### Given data
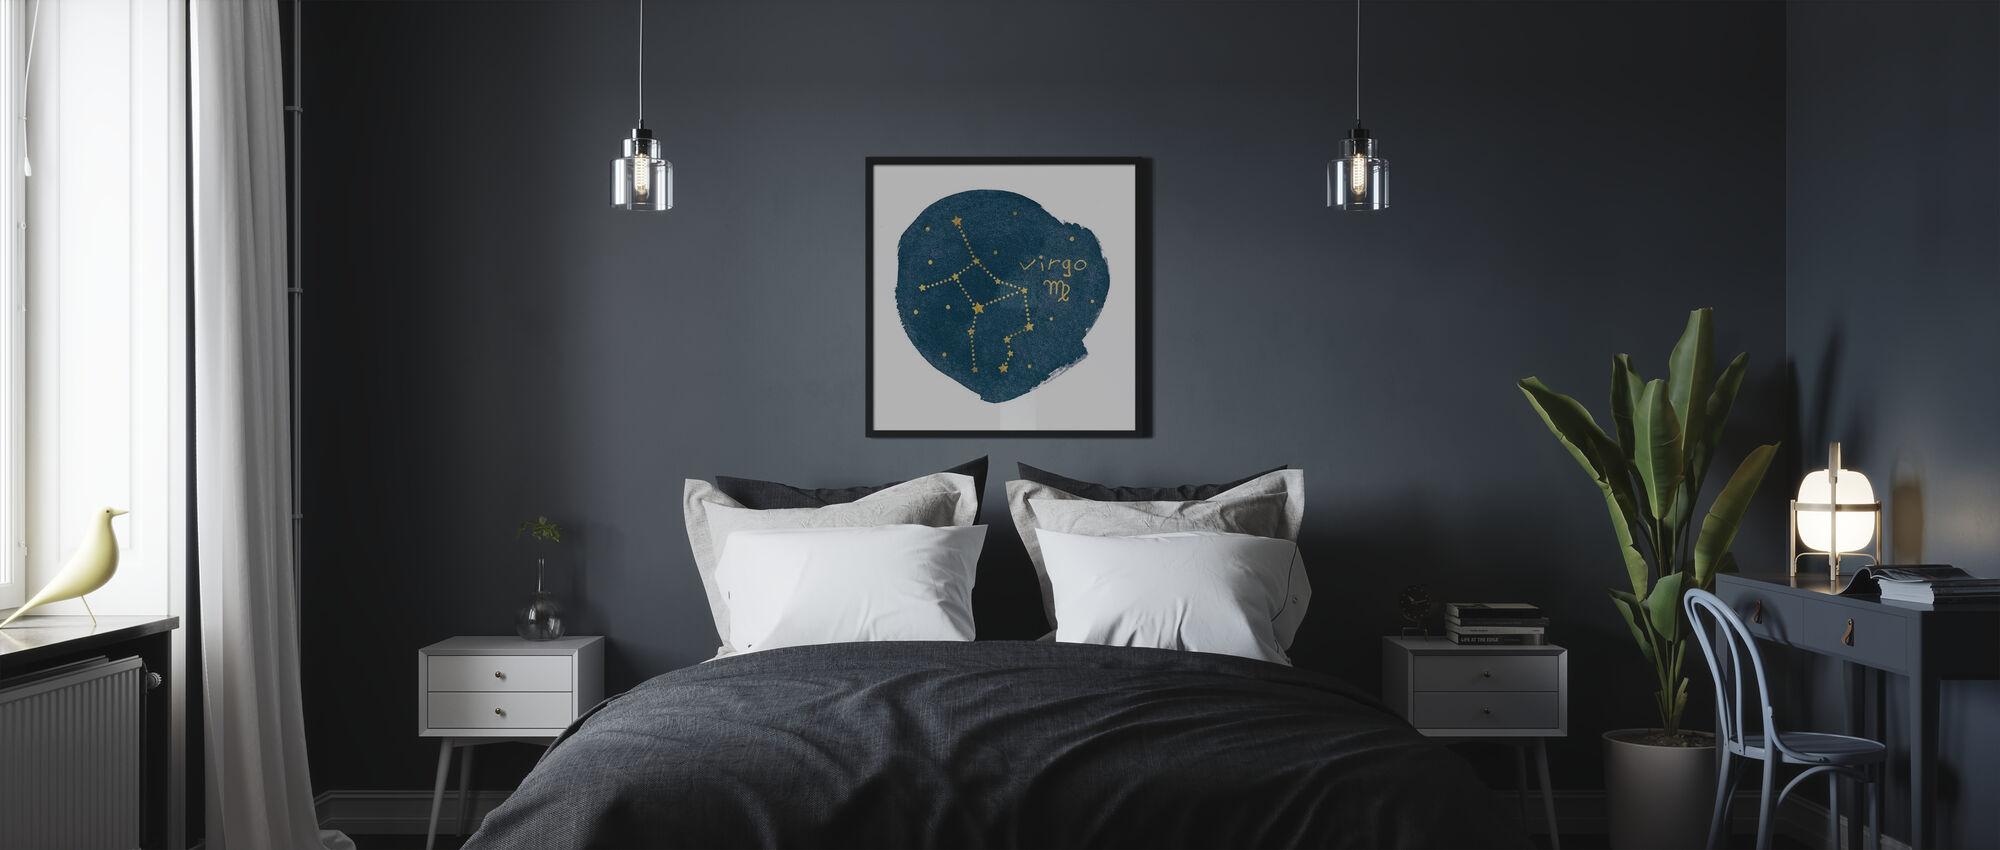 Horoskop Jungfrun - Poster - Sovrum
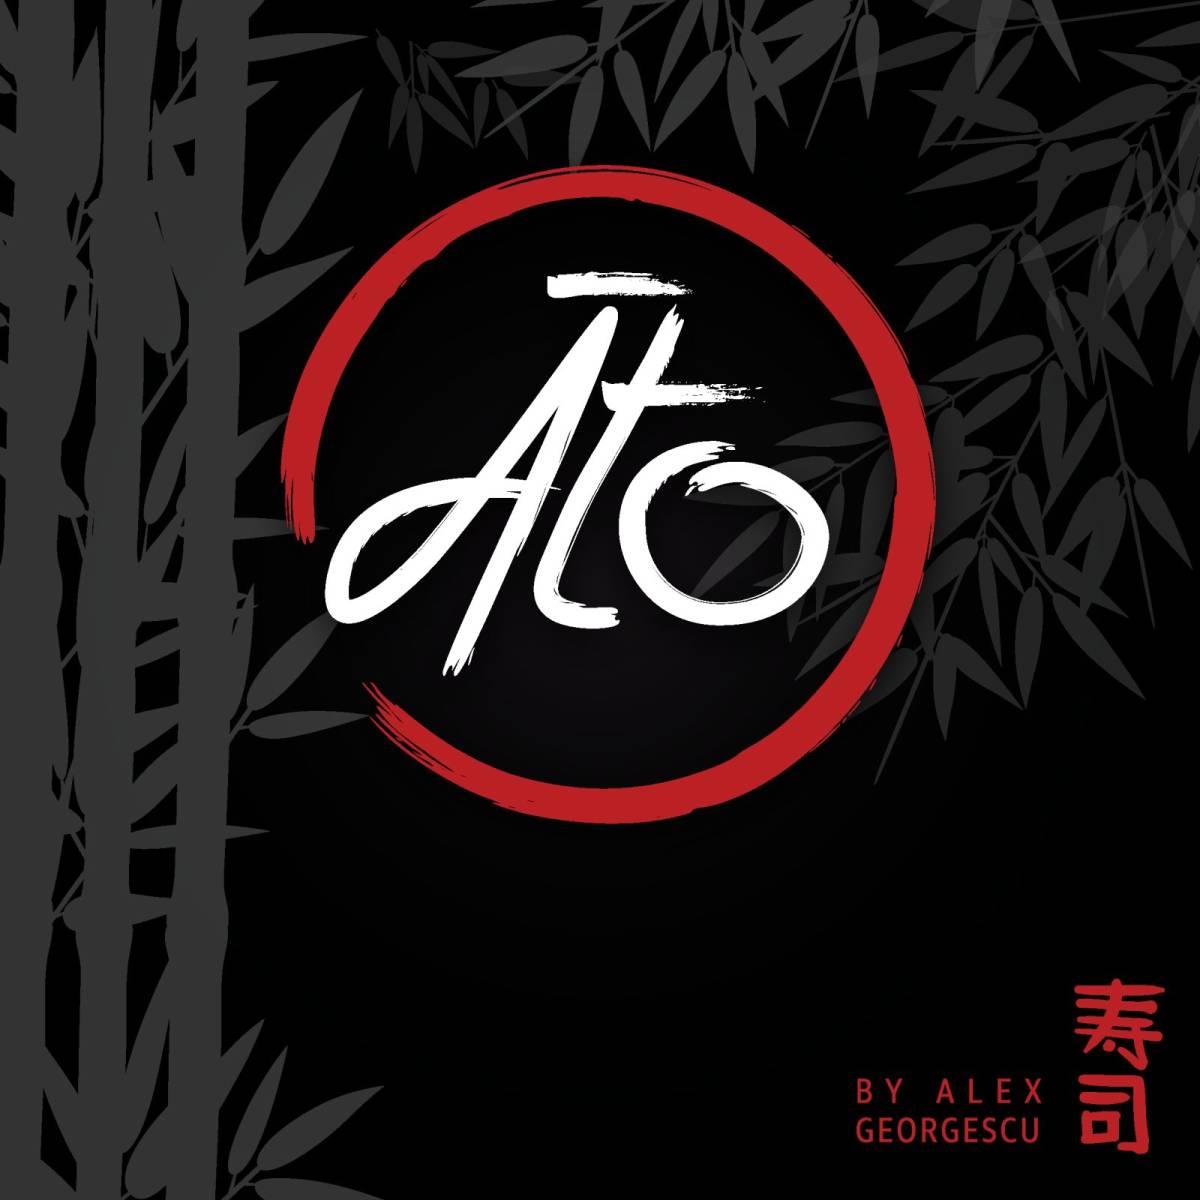 logo Ato v2 web_Page_09
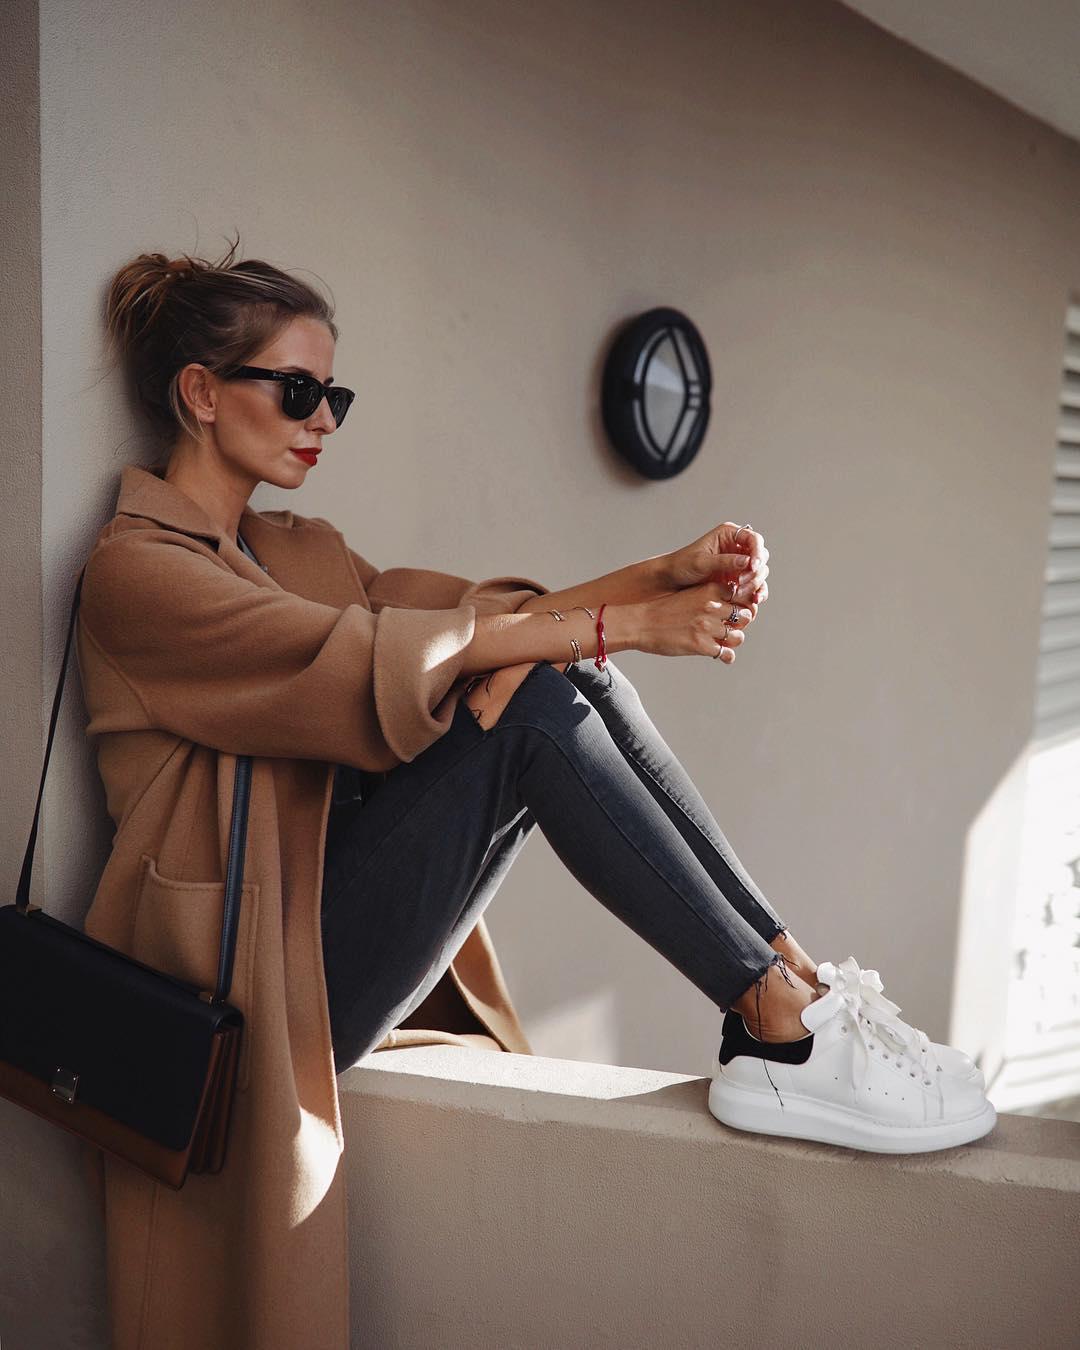 джинсы с кроссовками и кедами фото 14
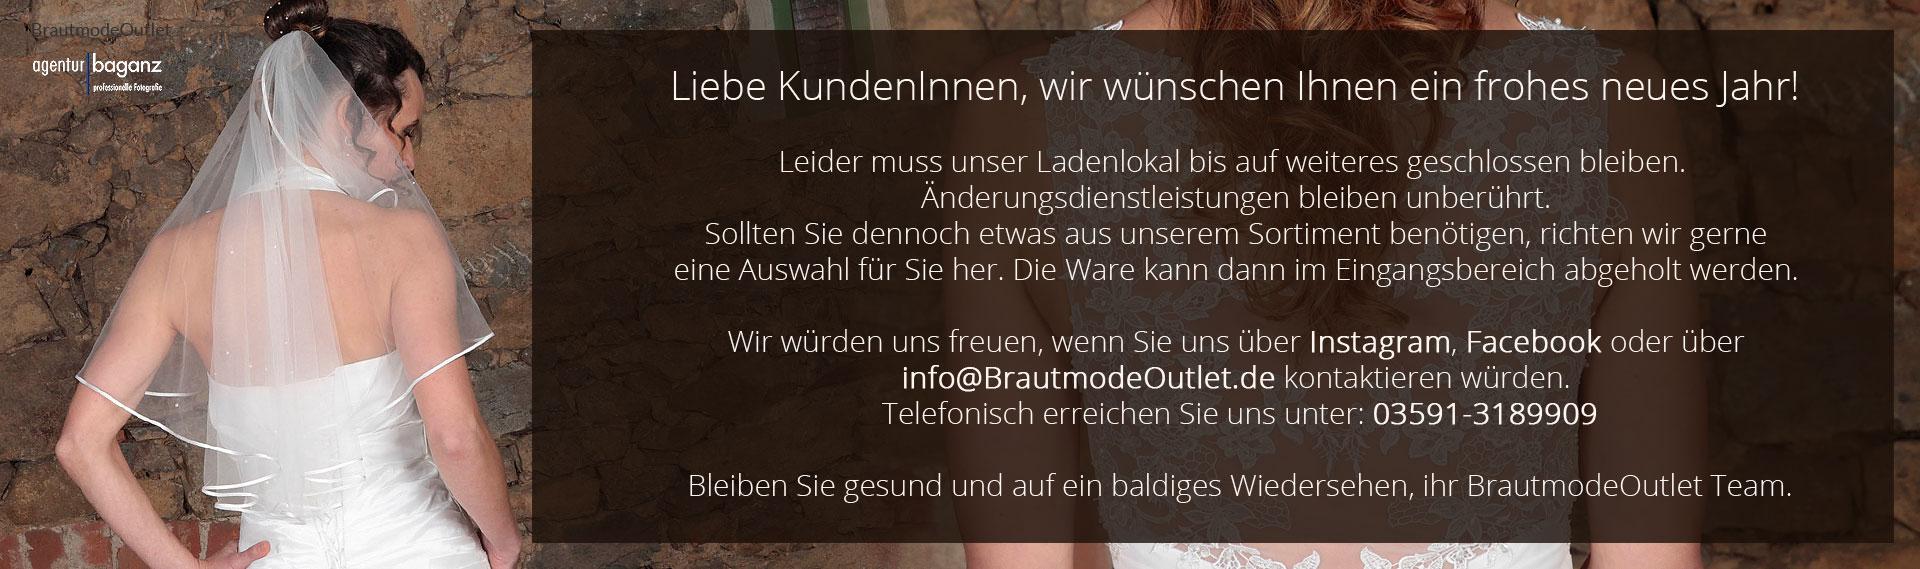 brautmodeoutlet bautzen - brautmode-discount.de capitain

### Work instruction
Write out the data precisely as given, excluding the pictures.

### Output below
 Horoskop Jungfrun - Poster - Sovrum
 logo Ato v2 web_Page_09
 джинсы с кроссовками и кедами фото 14
 brautmodeoutlet bautzen - brautmode-discount.de capitain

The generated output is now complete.